▶ [WHAT TO PRODUCE] Could you retype only the lines from the one containing "即決☆ノースフェイス スクエアー ロゴ" through the final line of the entries, both included, skipping any images?

Start of Block

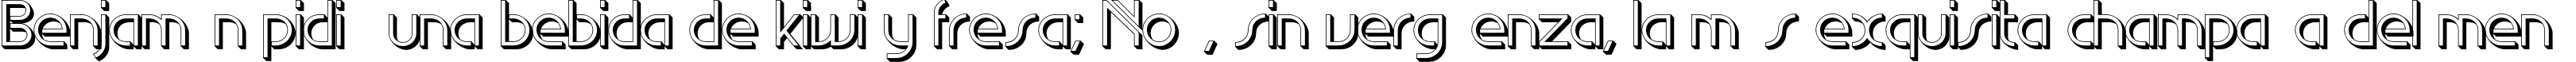 Пример написания шрифтом EdgeLineShadow текста на испанском
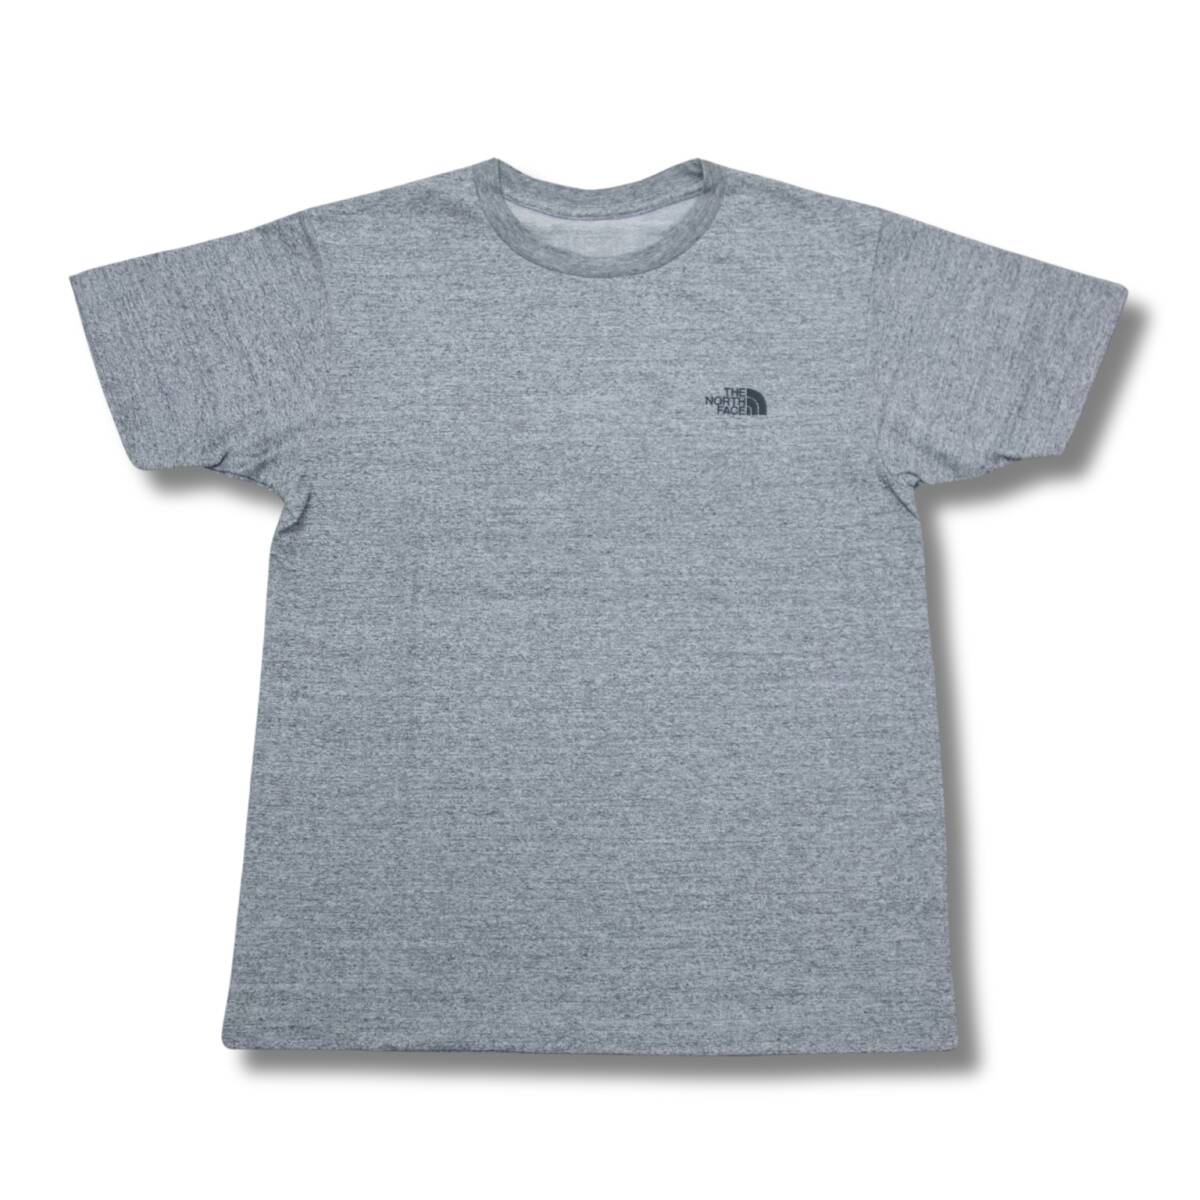 即決☆ノースフェイス スクエアー ロゴ 半袖Tシャツ Z/Lサイズ グレー 灰色 送料込み スクエア ロゴ 速乾
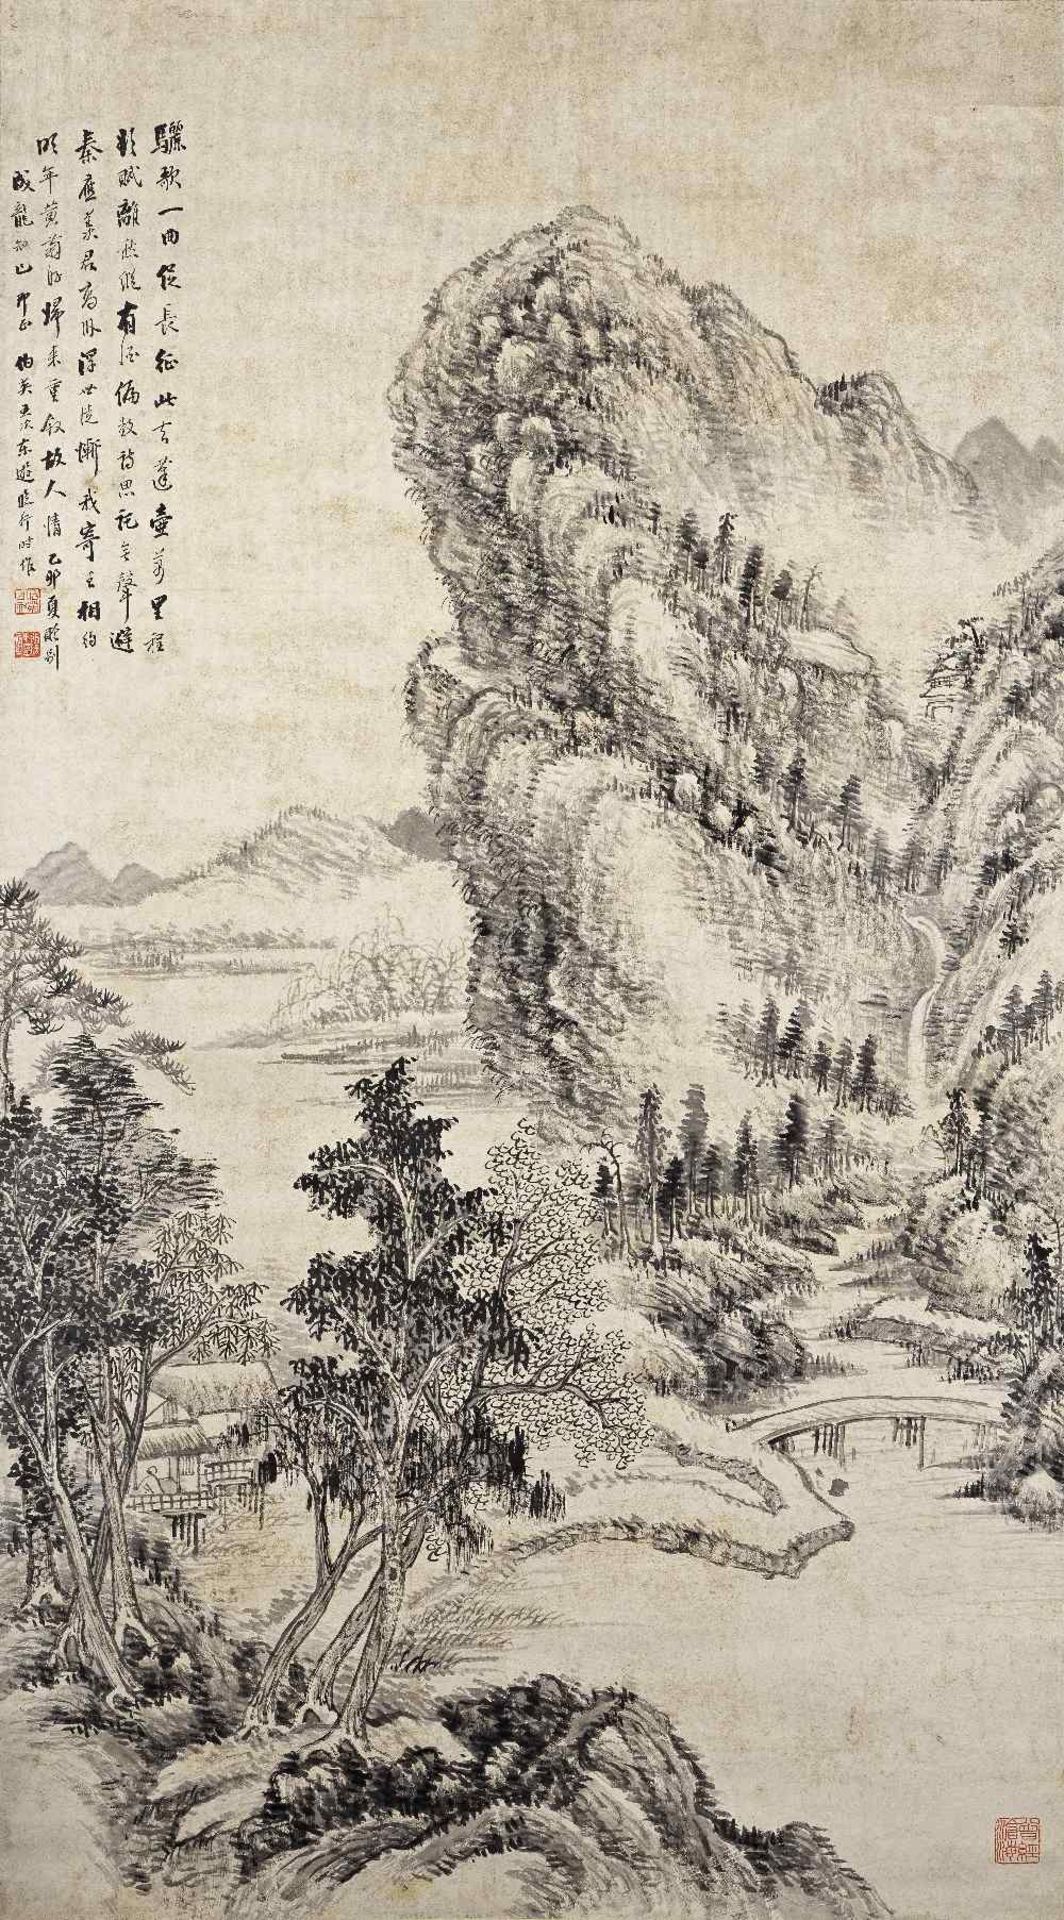 ZHANG BOYING (1871-1949) Landscape
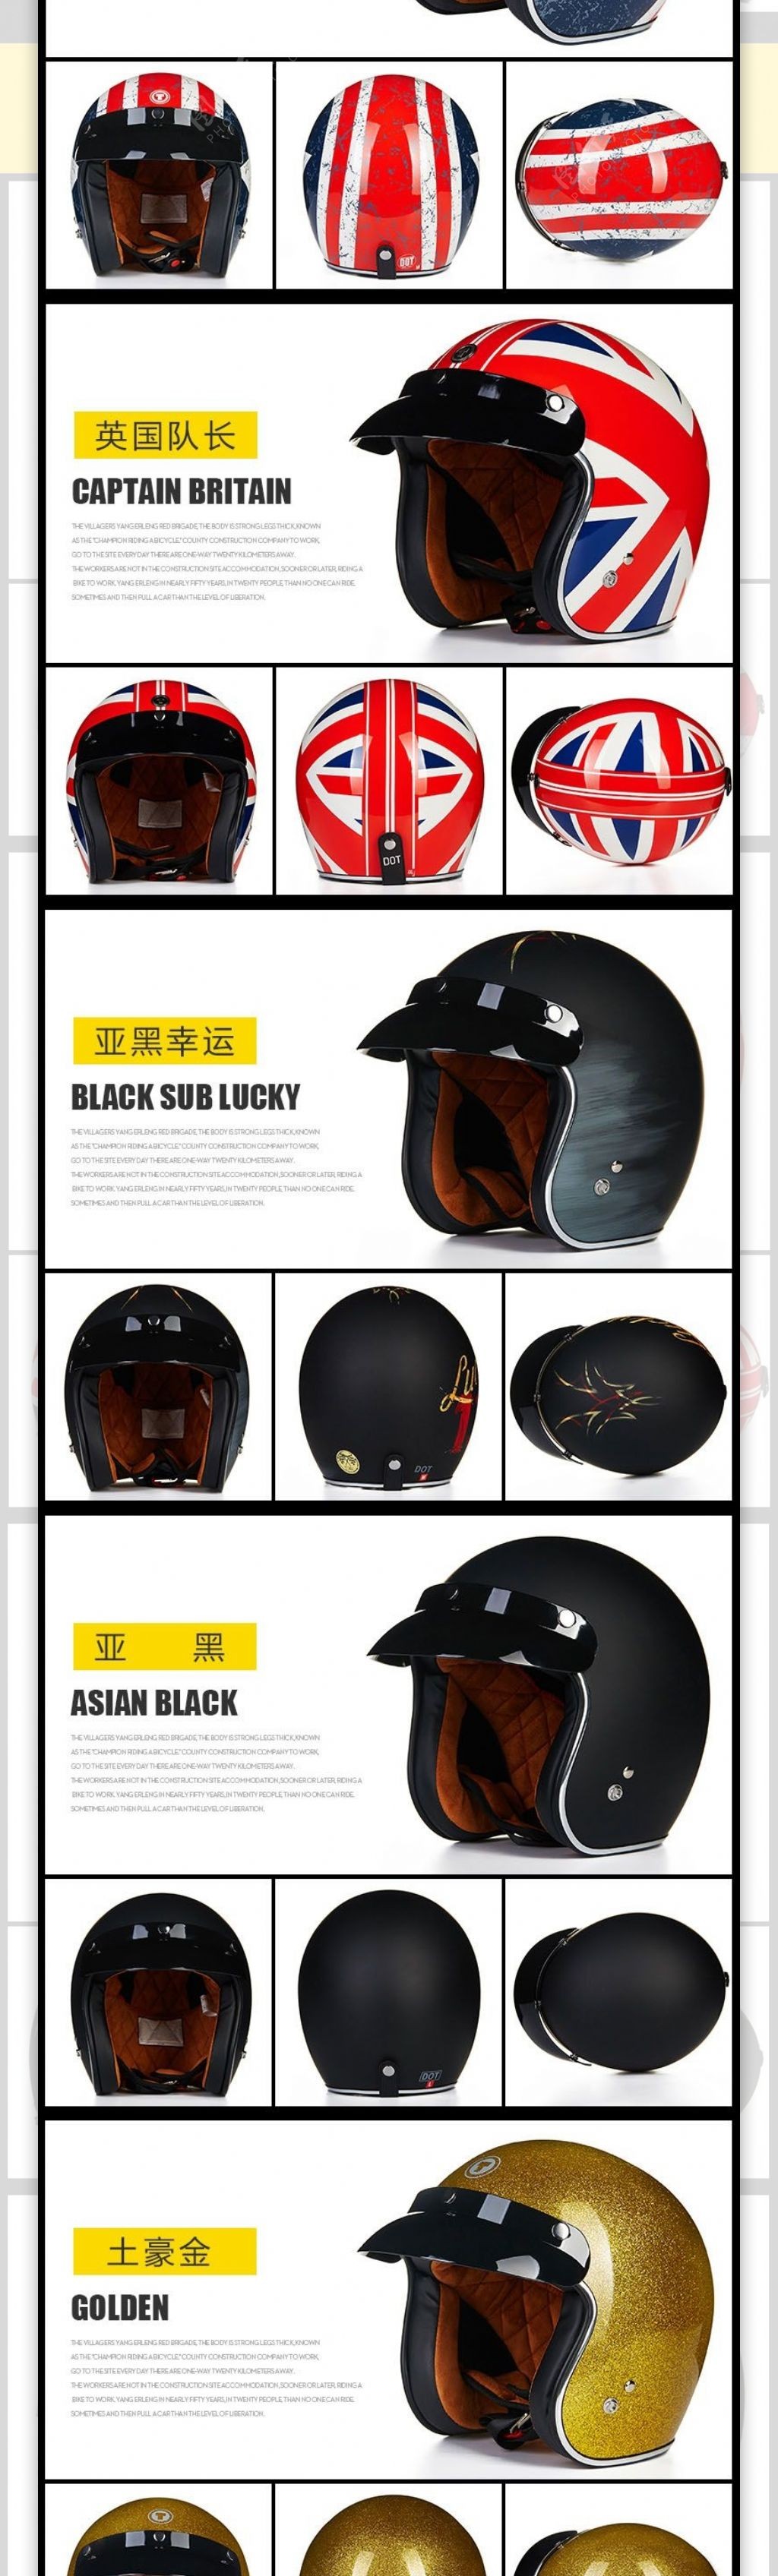 哈雷摩托车头盔详情页设计
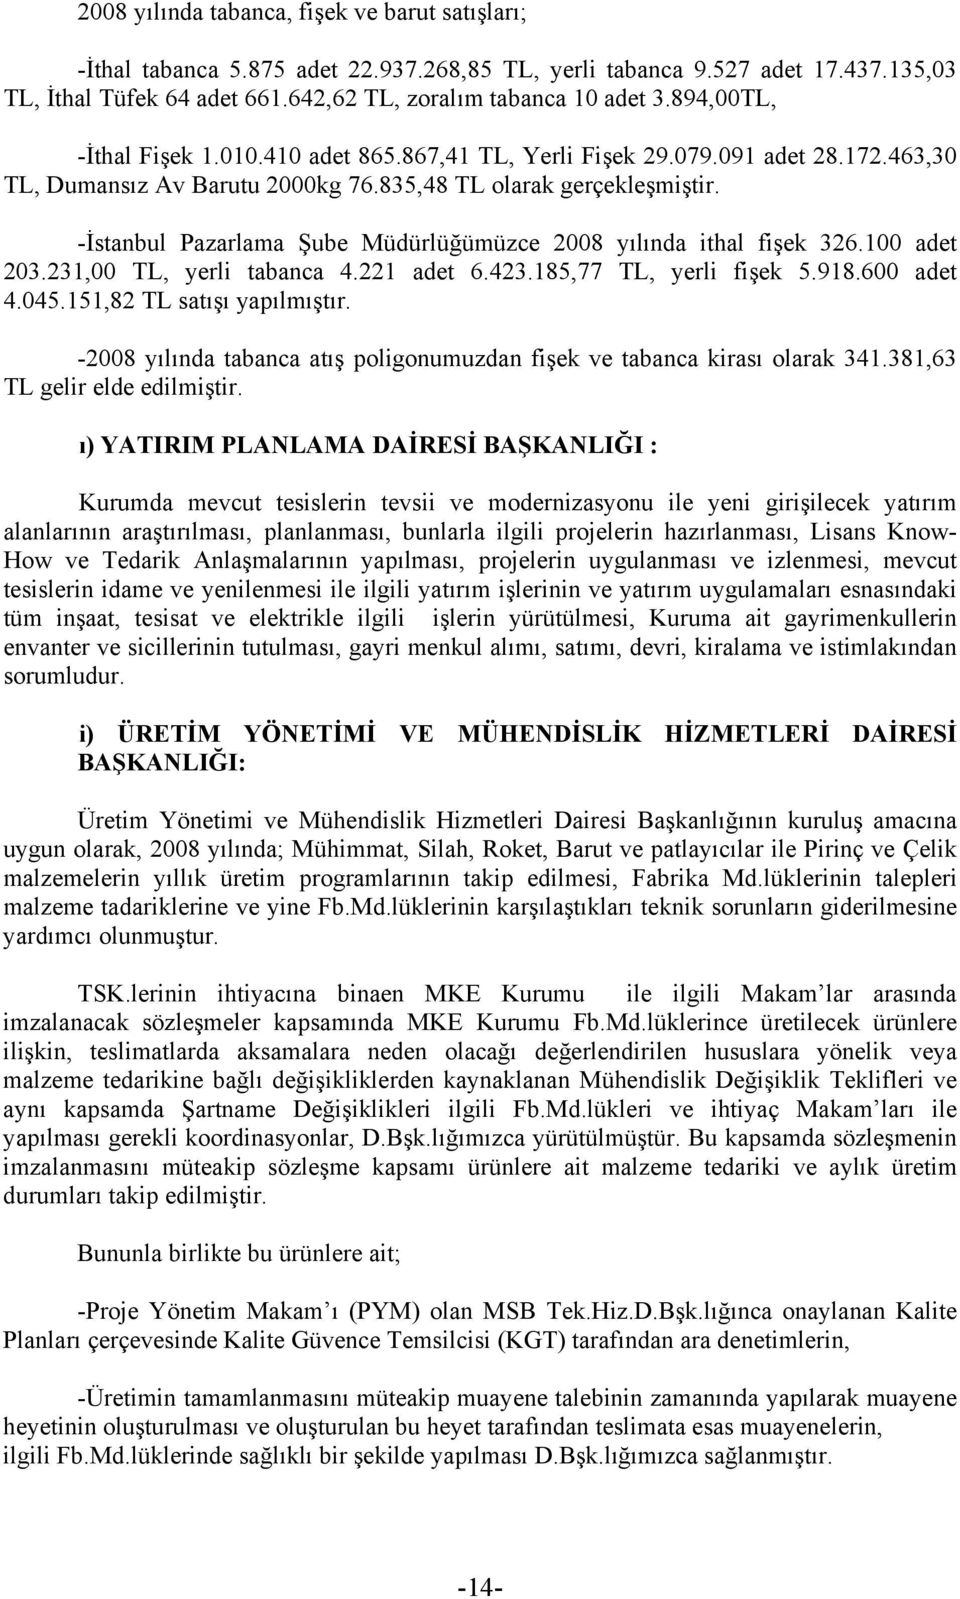 -İstanbul Pazarlama Şube Müdürlüğümüzce 2008 yılında ithal fişek 326.100 adet 203.231,00 TL, yerli tabanca 4.221 adet 6.423.185,77 TL, yerli fişek 5.918.600 adet 4.045.151,82 TL satışı yapılmıştır.

End of Block

▶ [SOLUTION TO THE EXERCISE]
 即決☆ノースフェイス スクエアー ロゴ 半袖Tシャツ Z/Lサイズ グレー 灰色 送料込み スクエア ロゴ 速乾
 ZHANG BOYING (1871-1949) Landscape
 哈雷摩托车头盔详情页设计
 -İstanbul Pazarlama Şube Müdürlüğümüzce 2008 yılında ithal fişek 326.100 adet 203.231,00 TL, yerli tabanca 4.221 adet 6.423.185,77 TL, yerli fişek 5.918.600 adet 4.045.151,82 TL satışı yapılmıştır.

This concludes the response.